The strong and highly motivated leadership team will embrace the opportunity to take the network to a new stage of development and I am personally excited to see how things change, evolve and advance. As I have focused on my succession, I’ve paused to reflect on my personal journey. I have considered what I have gleaned from leading and supporting the transition to an outstanding new leadership team.

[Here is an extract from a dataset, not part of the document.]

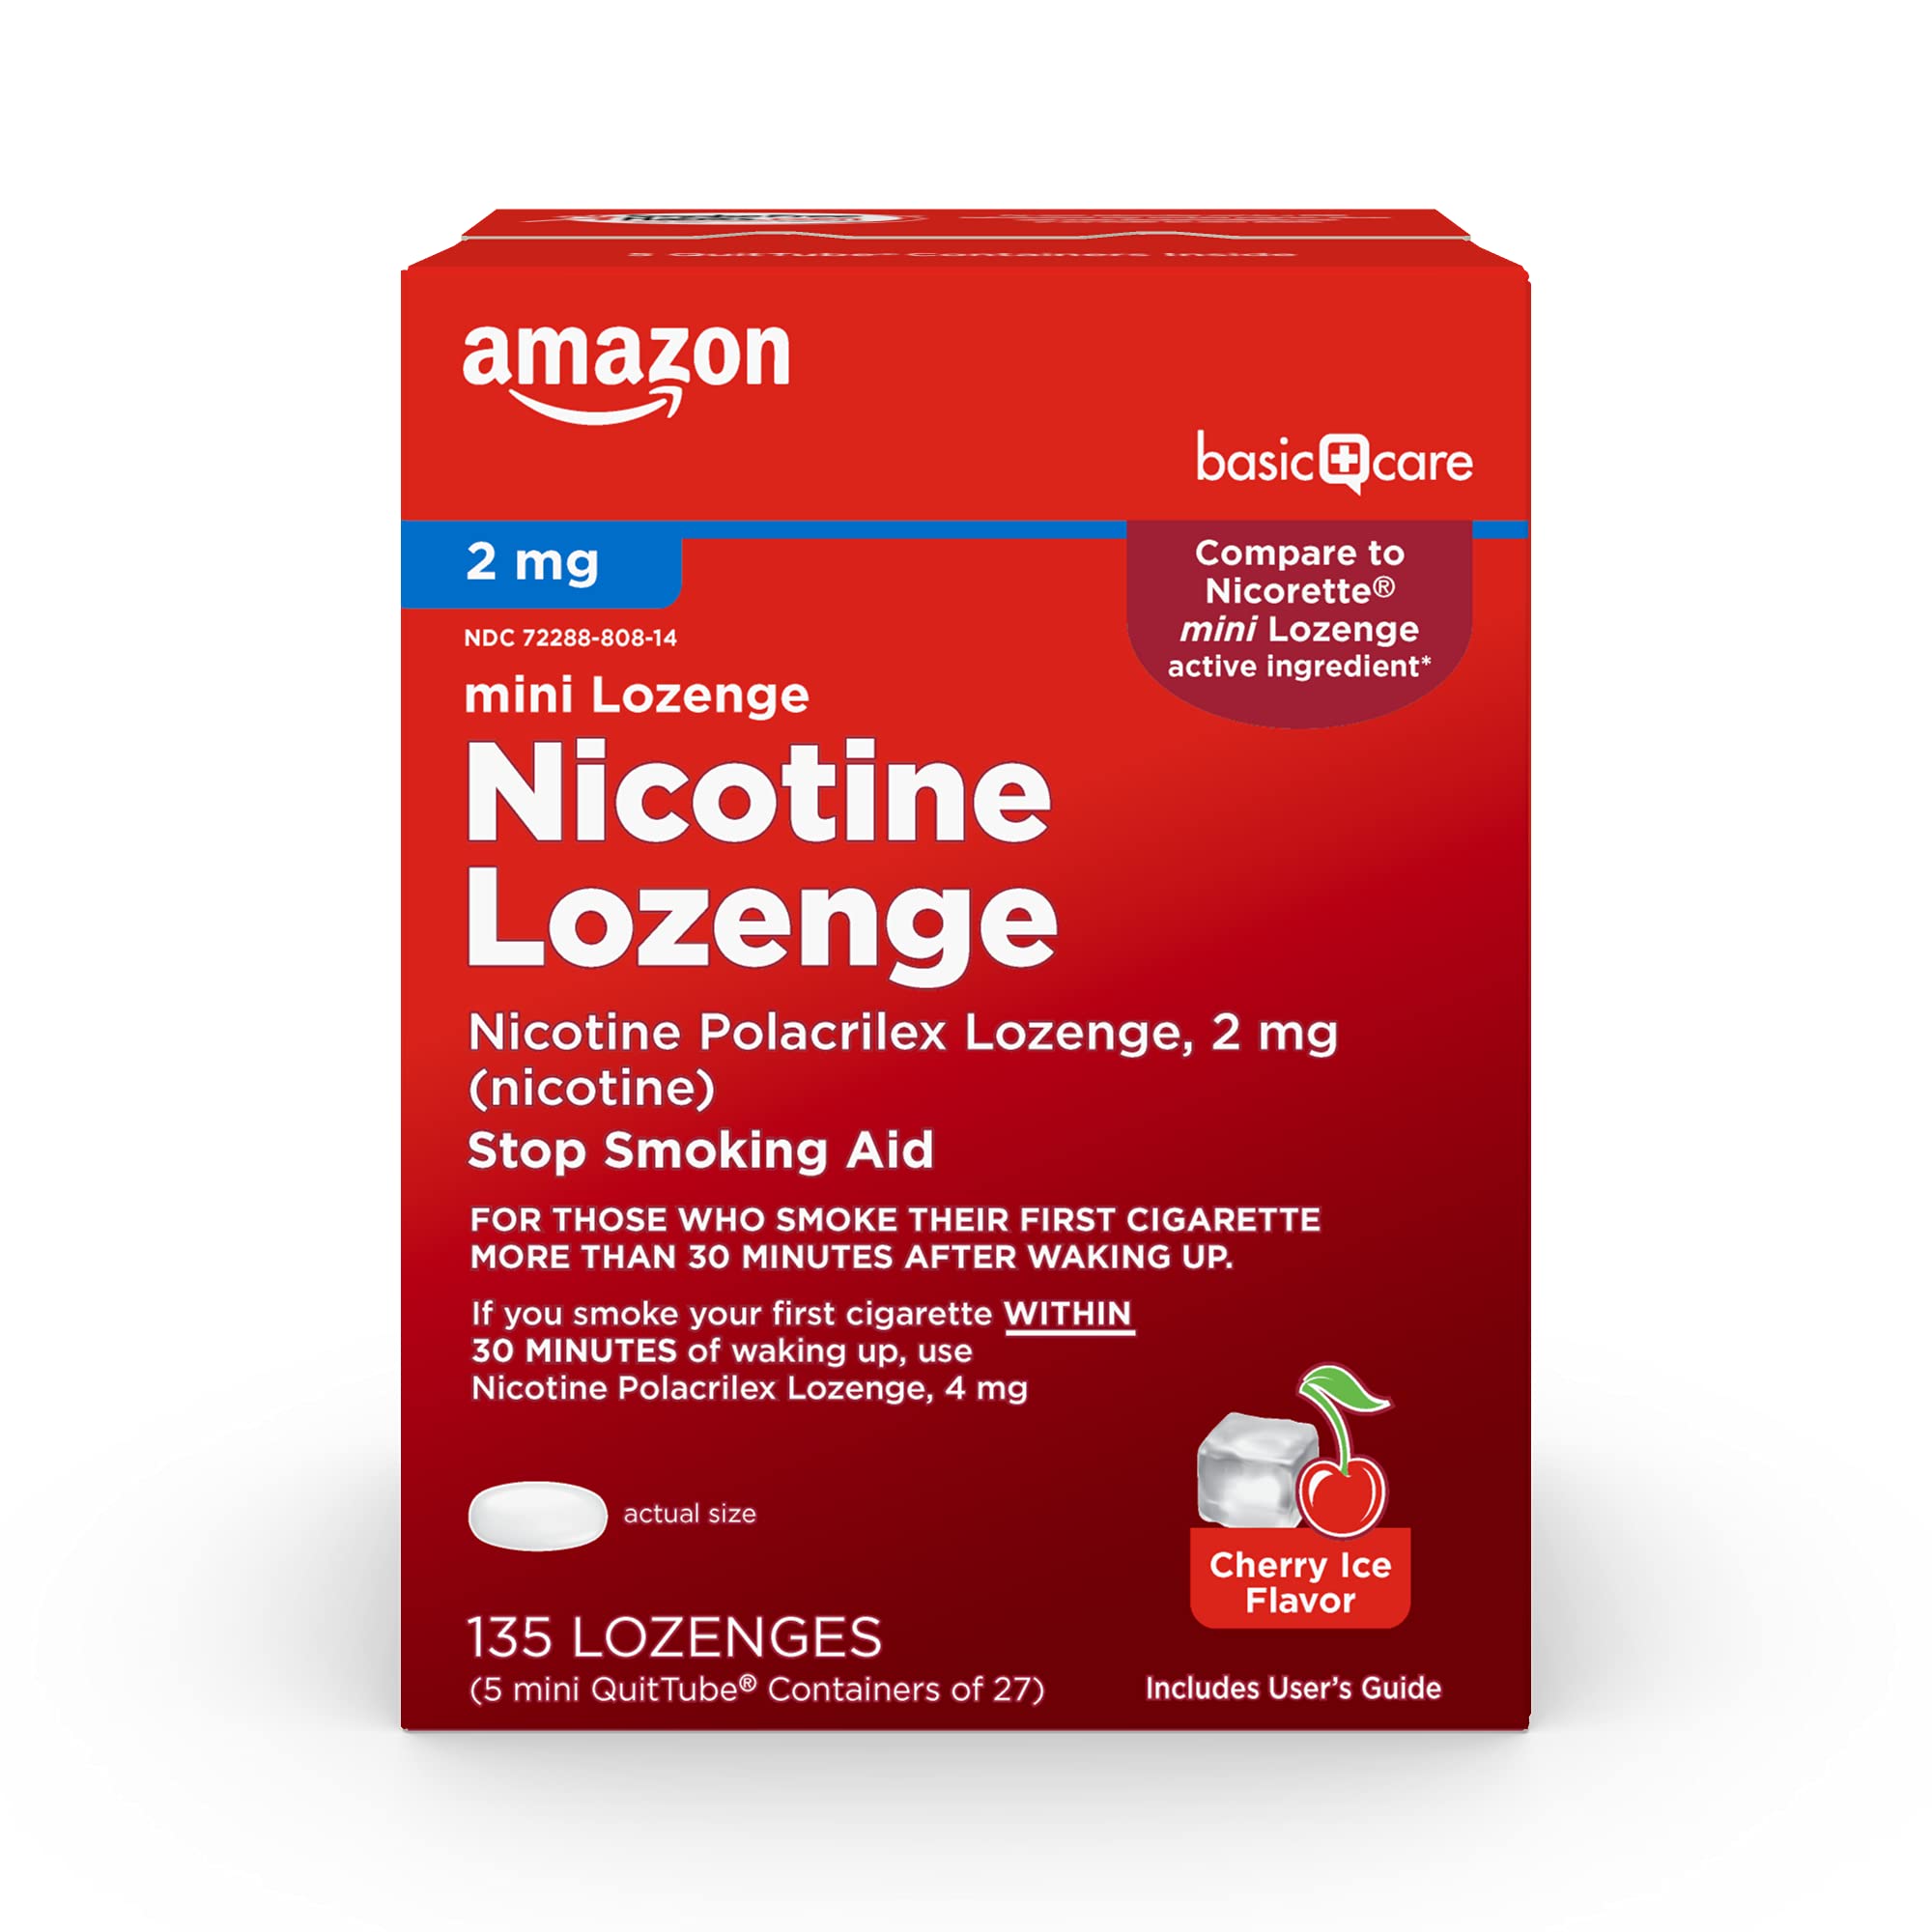 Amazon Basic care Nicotine Mini Lozenge, Stop Smoking Aid, Nicotine Polacrilex 2 mg (nicotine), cherry Ice Flavor

I have learned that virtual relationships are strengthened by a unifying common purpose that directly resonates with each leader personally and deeply. I have been reminded that sharing best practices, generosity and celebrating success all come hand in hand, and are a direct result of a unified, shared purpose within an organisation. Common humanity across our diverse cultures is what brings us together. I am convinced that our annual meetings where we share, debate, strategize and connect face-to-face, help us align and build bridges across our networks.

In summary,
There is always someone outstanding who is ready to replace you. Embrace this.
What an organization needed from a leader yesterday may be very different to what is needed tomorrow to bring it to the next level. Do not equate value and contribution to an organization ready for change.

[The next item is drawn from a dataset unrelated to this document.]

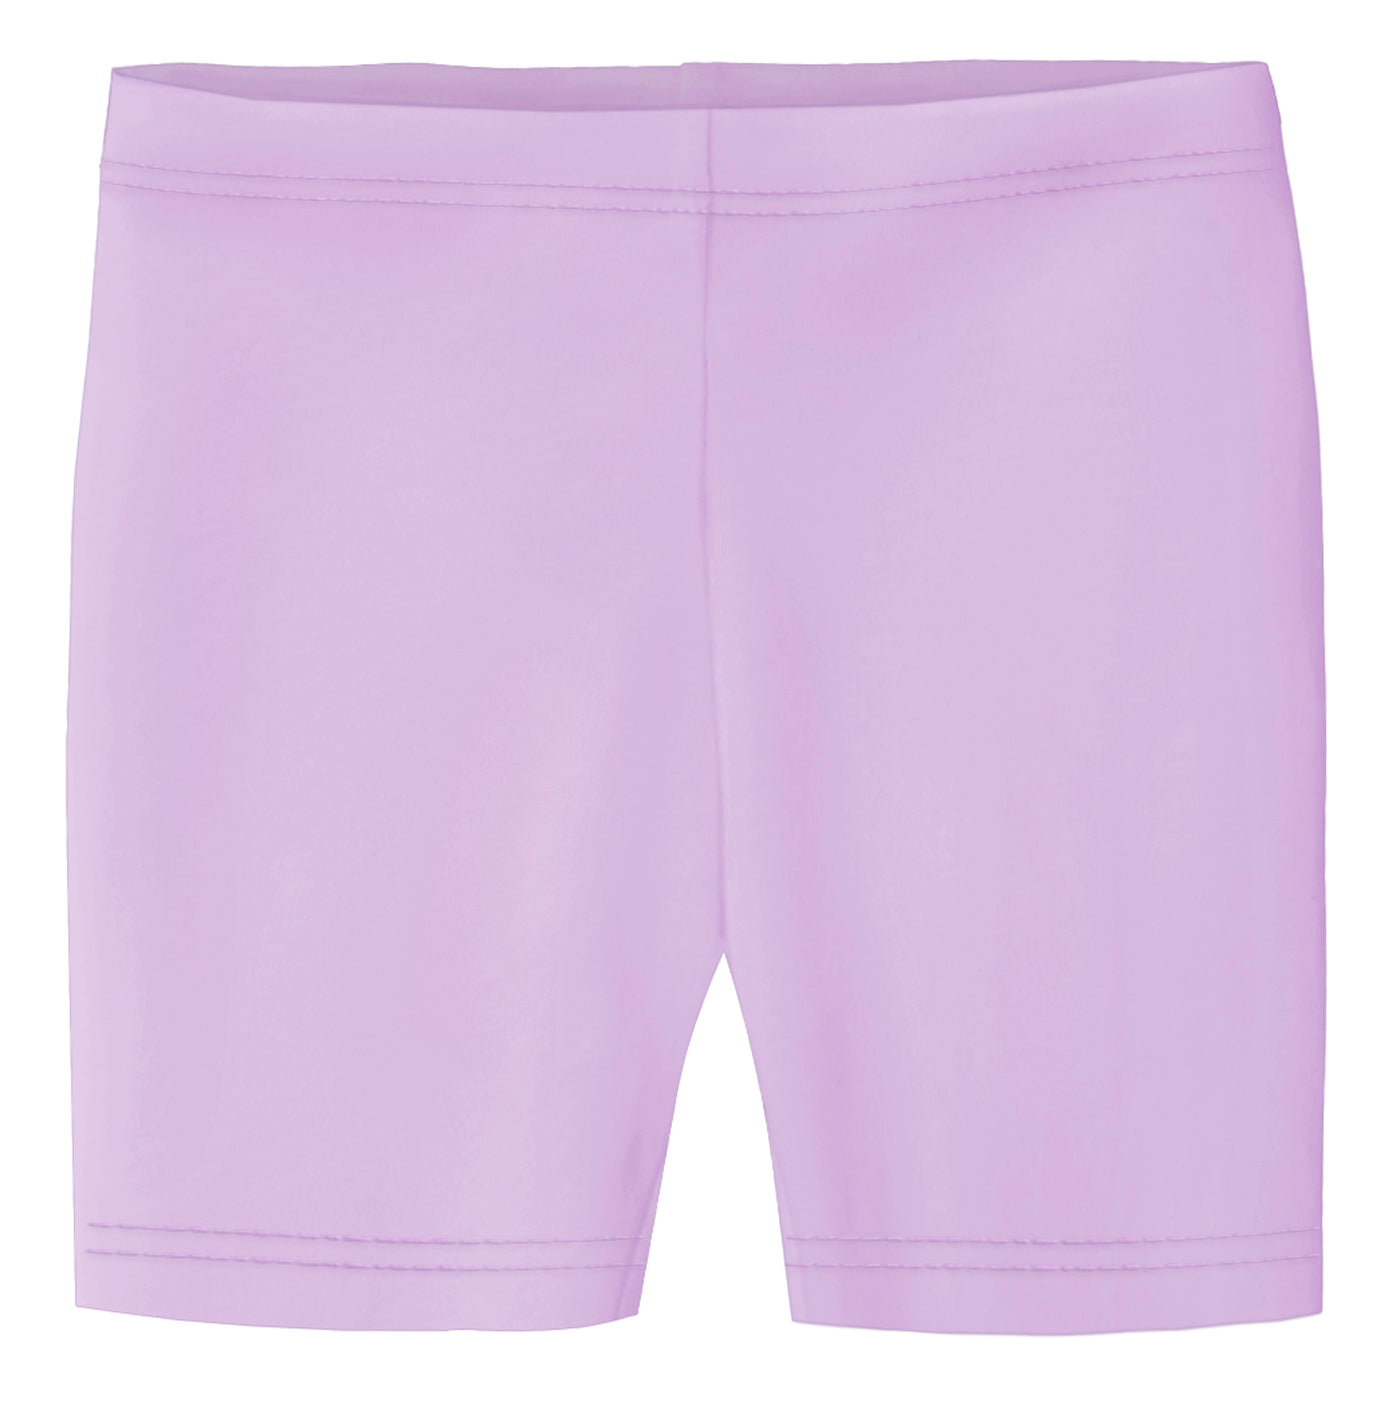 Womens Pink Cotton Cycling Shorts

Intrinsic motivations are powerful catalysts and trump currencies of influence.
Volunteer leadership raises one’s sense of ownership as it is about giving your time and energy to a cause that deeply resonates with you.
All good things continue.

When the fundamentals are there and good governance practices prevail, an organization will only continue to thrive and grow, albeit perhaps differently and in entirely new ways to the former leadership. Most importantly, things advance.
The mission and purpose of an organisation is what truly holds it together. The leader is a mere facilitator of this.

Women generously support the advancement of other women. As network leaders transition it is imperative to walk behind, ahead and alongside with support, praise, admiration and motivation whenever possible.

“The stakes are higher when the financial stakes are lower.” This continues to resonate with me.
I wouldn’t be honest with myself if I didn’t acknowledge that part of my identity has been linked to leading, boosting and building PWN Global, given my involvement for the past 10 years as a board member and most recently as President. Seeing as financial rewards are not part of volunteerism, I learned that my “payback” came from the leadership learning and development, the incredible global relationships formed, the cross cultural insights garnered and shared, the growing community and the opportunity to go from purpose to impact. These have all increased in value as the network has expanded. I am incredibly grateful to have had the privilege of accompanying others on the journey to advancing women in leadership.
Succession planning has been on our agenda for the past year and it is exciting to see a new group of leaders taking the reins and embracing the next stage of PWN Global.

I believe our sense of ownership and accountability is amplified in a volunteer organization, or at least it was for me. Leadership at an NGO requires a generous spirit, a passion to make a difference, dedication to the cause and a lot of hard work. Perhaps it’s because we’re leading this For Purpose network from the head AND from the heart. You volunteer because of an intrinsic connection and PWN Global is all about this.

I have been reminded that one’s own success is directly correlated with the success stories shared by others who are connected to the network. Our volunteers and community are leading busy lives, professionally and personally, which creates challenges in accessing them, and fully leveraging them. My advice to the next Board of PWN would be not to take the silence personally, but to persist in trying to connect and empower our global community to get involved and push progress.

I’m excited about what the future holds and anticipating more free time to fill with new and interesting endeavors. As I get more engaged with my own business again, I also realize that regardless of what fills my newly found “space”, sharing and celebrating the wonderful stories of our members, boards, volunteer teams and successes of our city networks will be ongoing. These success stories are what make PWN Global thrive.